Asperatus

Asperatus-Heimo-Lauhaluoma
Cloud of the Day – Asperatus

Asperatus, also known as undulatus asperatus and altocumulus undulatus asperatus, is biblical. It’s the kind of cloud that makes people think that the world might be at the mercy of supernatural forces. They might fall to their knees and beseech their wrathful gods for mercy. Other people might look at them and say, “So, that’s where van Gogh got it from.”

Photo credit - Ken Prior

Photo credit – Ken Prior

Asperatus, loosely meaning “roughened waves,” is thought to form under the same kind of conditions as mammatocumulus, only with winds strong enough to shear the mammatus bulges into wave-like undulatus forms.
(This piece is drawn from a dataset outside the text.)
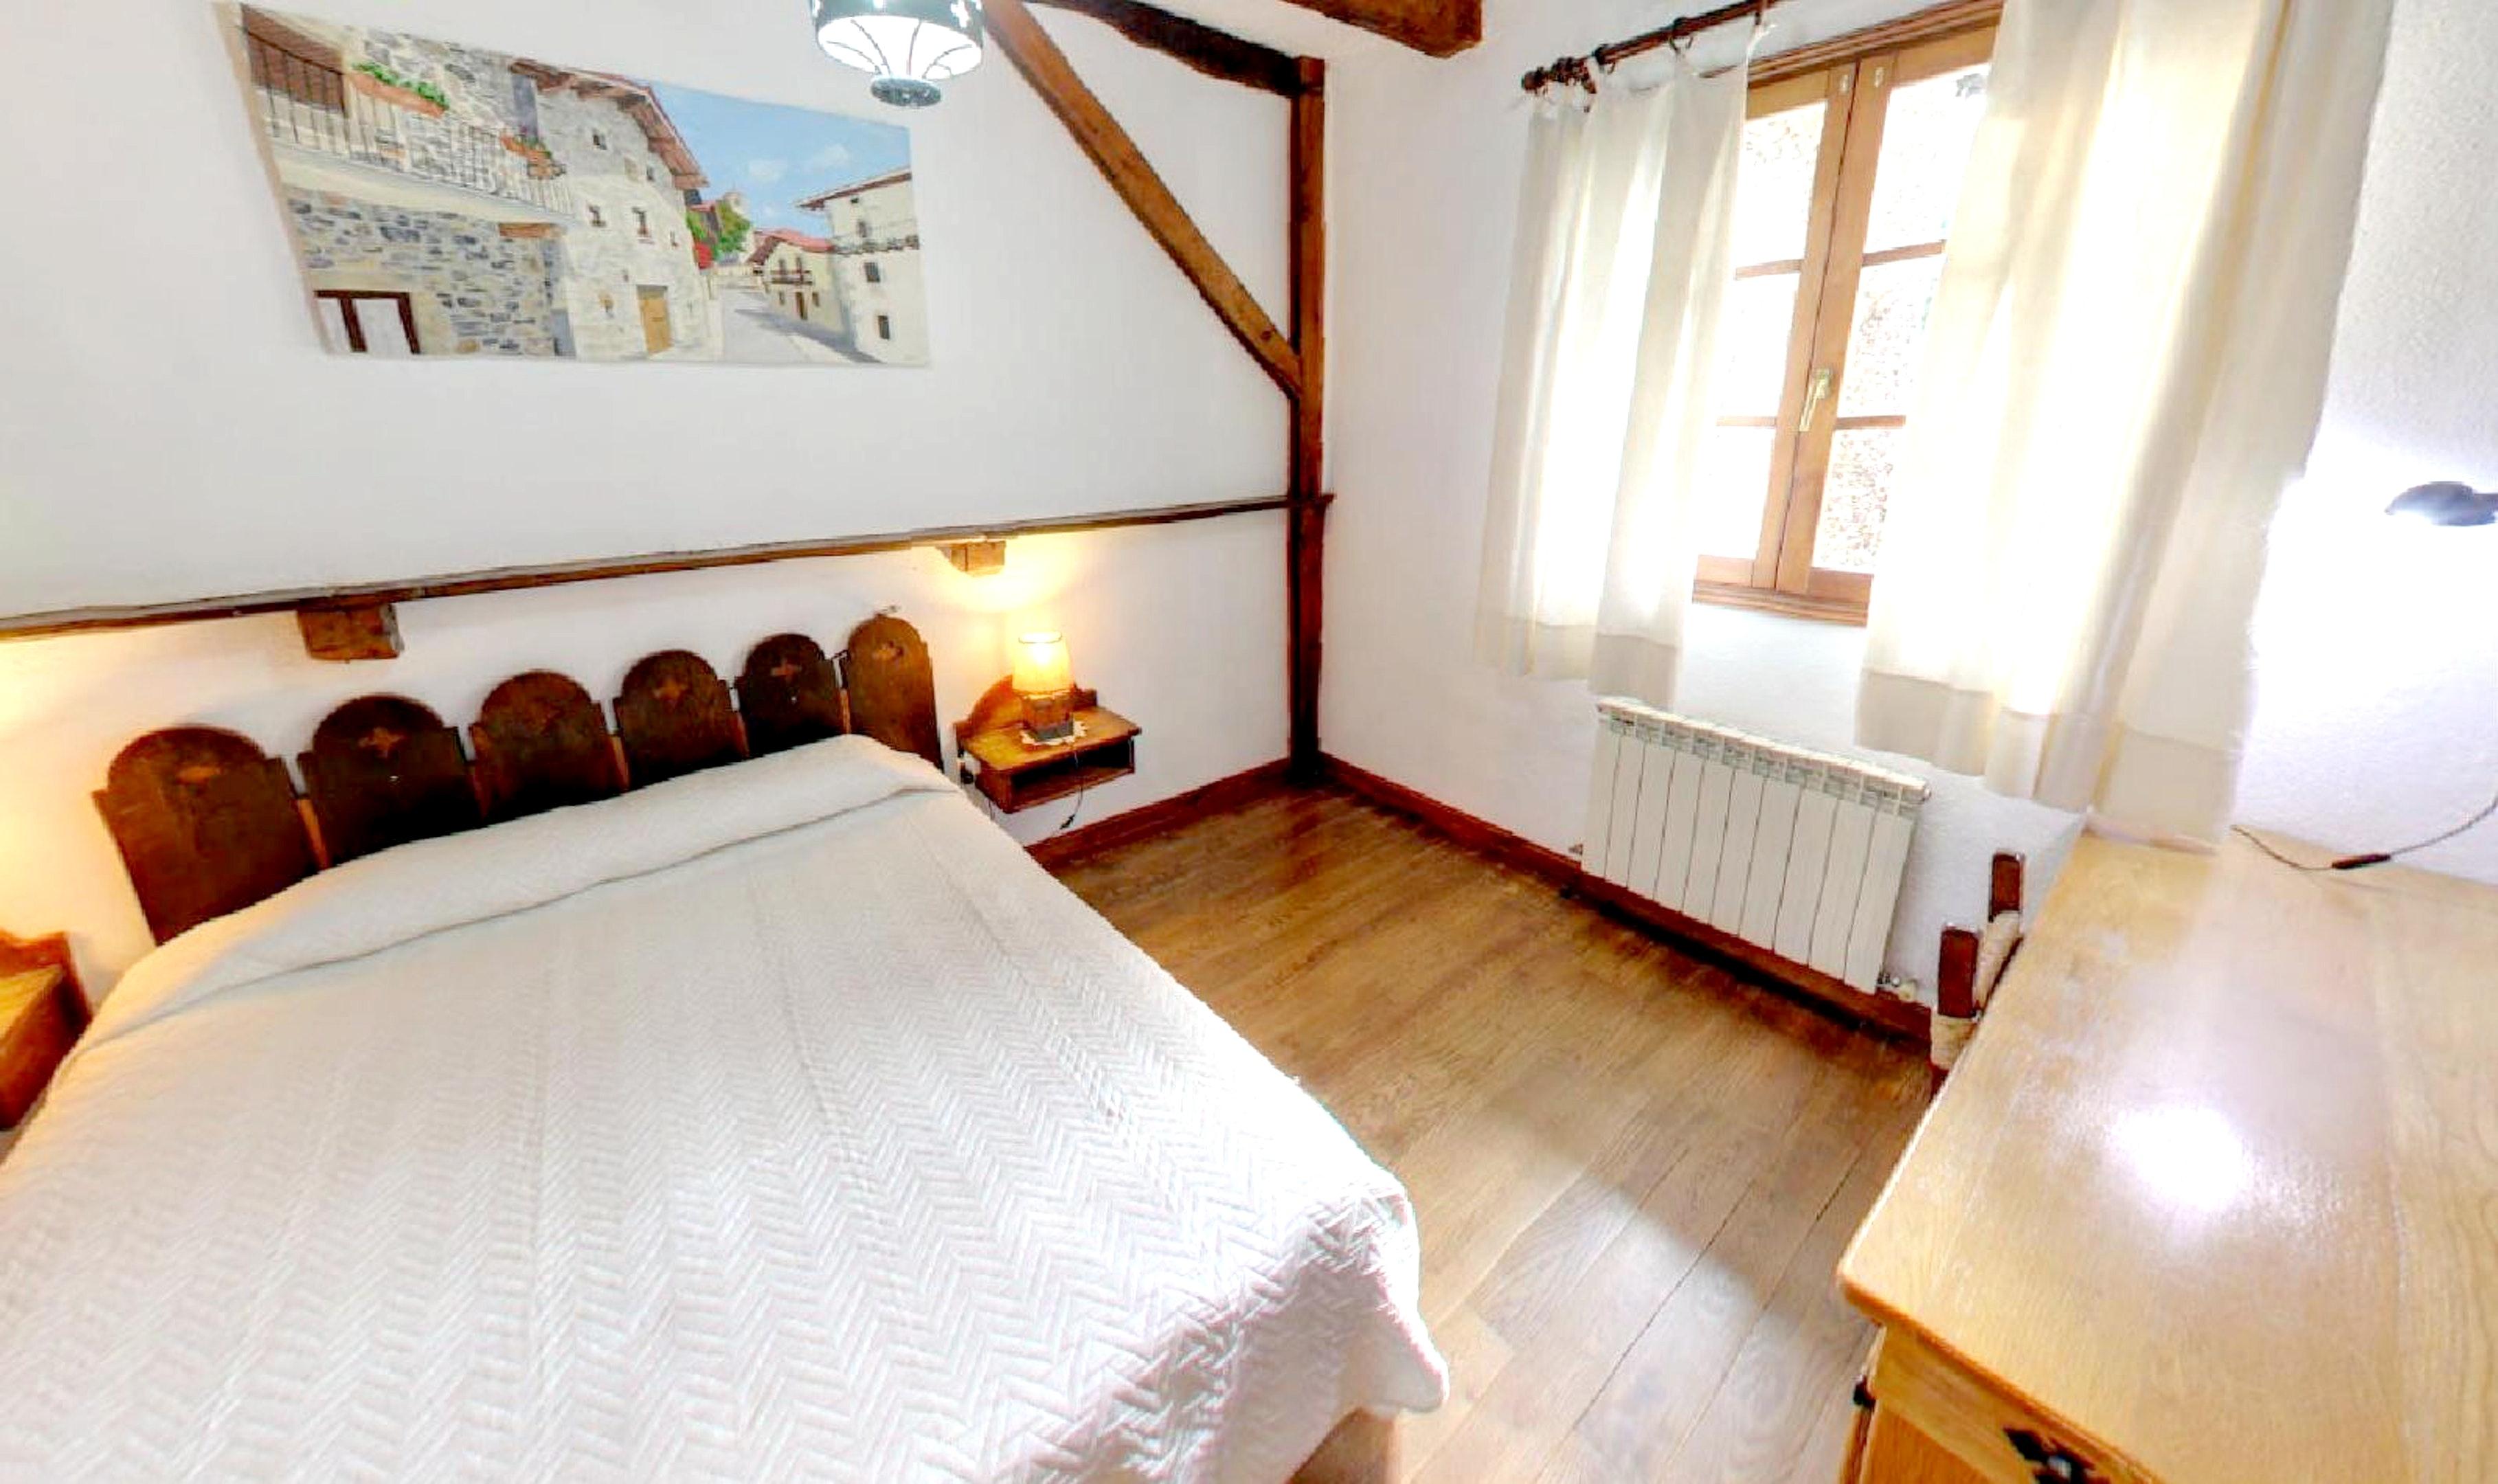 Ferienhaus Haus mit 6 Schlafzimmern in Lizaso mit eingezäuntem Garten und W-LAN - 500 m vom Strand en (2599807), Lizaso, , Navarra, Spanien, Bild 6

This cloud hasn’t yet been officially named and added to the World Meteorological Organization’s definitive International Cloud Atlas. The Atlas was most recently published in 1975. The last time a cloud was added was 1951. The jury is out on whether asperatus will be added to the Atlas, and no one expects it to be soon if it is.
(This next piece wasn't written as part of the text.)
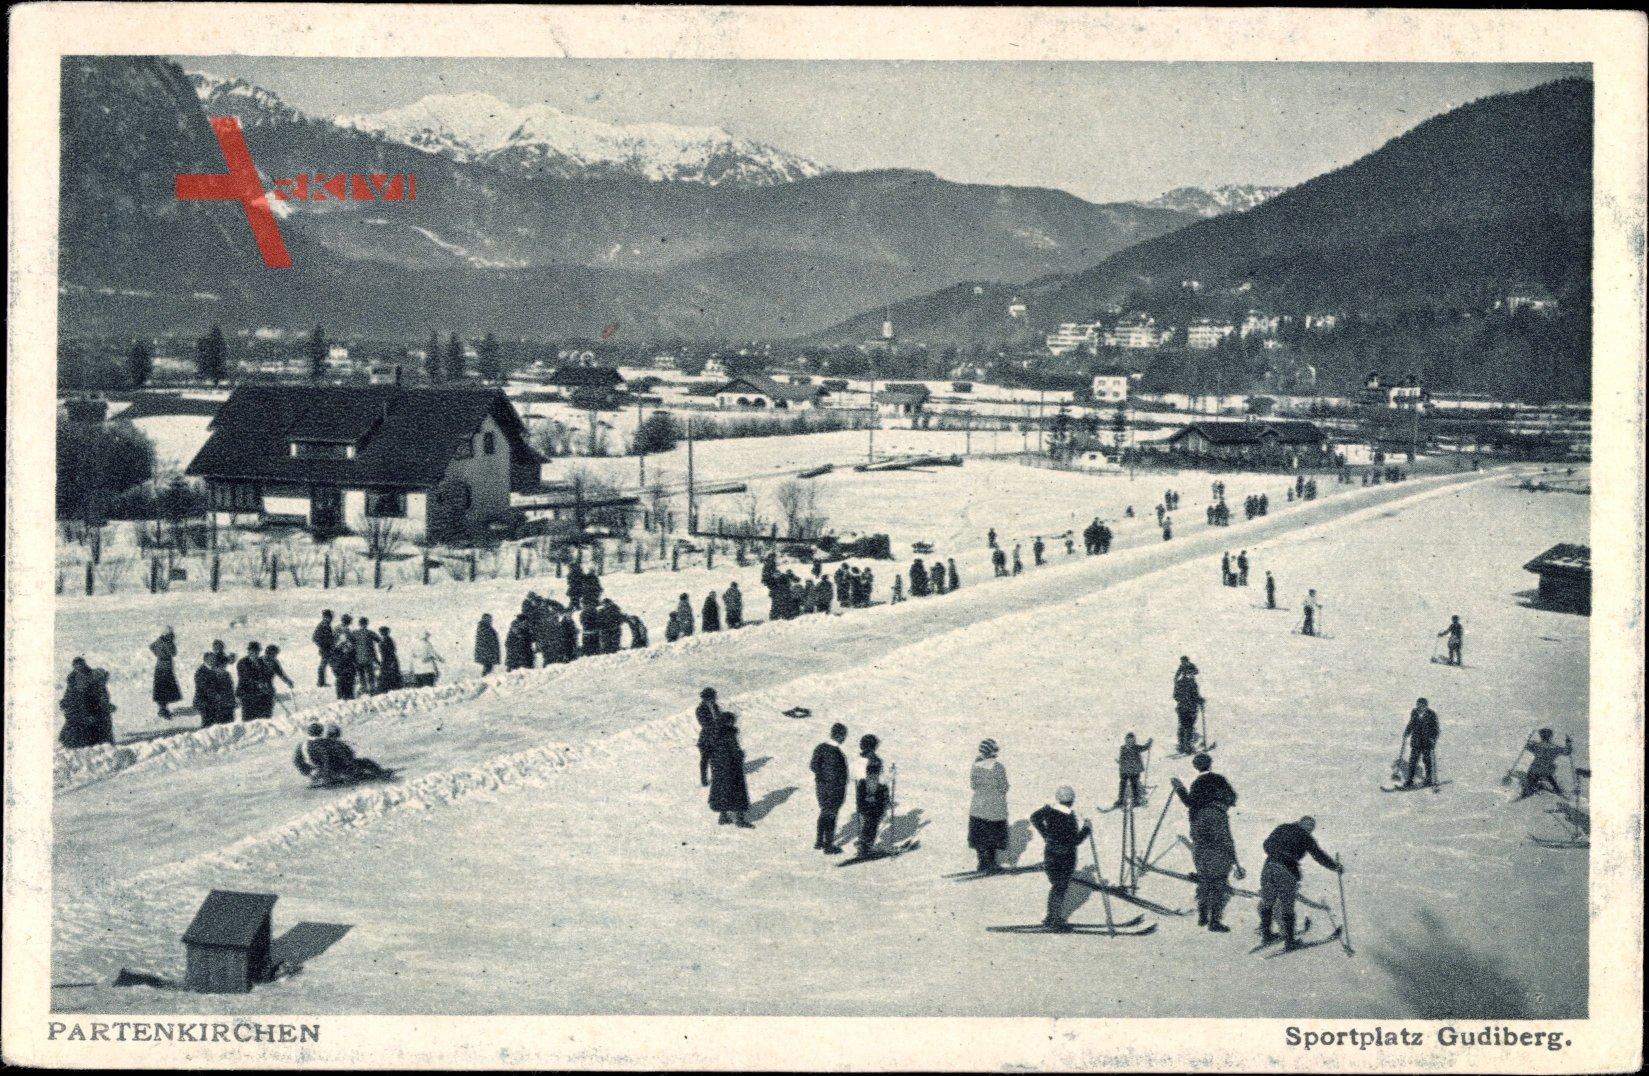 Garmisch Partenkirchen, Winteraufnahme, Sportplatz Gudiberg, Skifahrer, Ski

Note: The World Meteorological Organization has added asperatus — renamed asperitas — to the International Cloud Atlas (see this Green Comet post) in its fifth edition published in 2017.

Photo credit - Agathman - CC-BY

Photo credit – Agathman – CC-BY

The Cloud Appreciation Society has been very important in the discovery of this new cloud type, especially its founder, Gavin Pretor-Pinney. The society has thousands of members who send in beautiful photographs of clouds, and it has a nice selection of asperatus. Because of the way their site is set up, I can’t link directly, so you’ll have to search on “asperatus.”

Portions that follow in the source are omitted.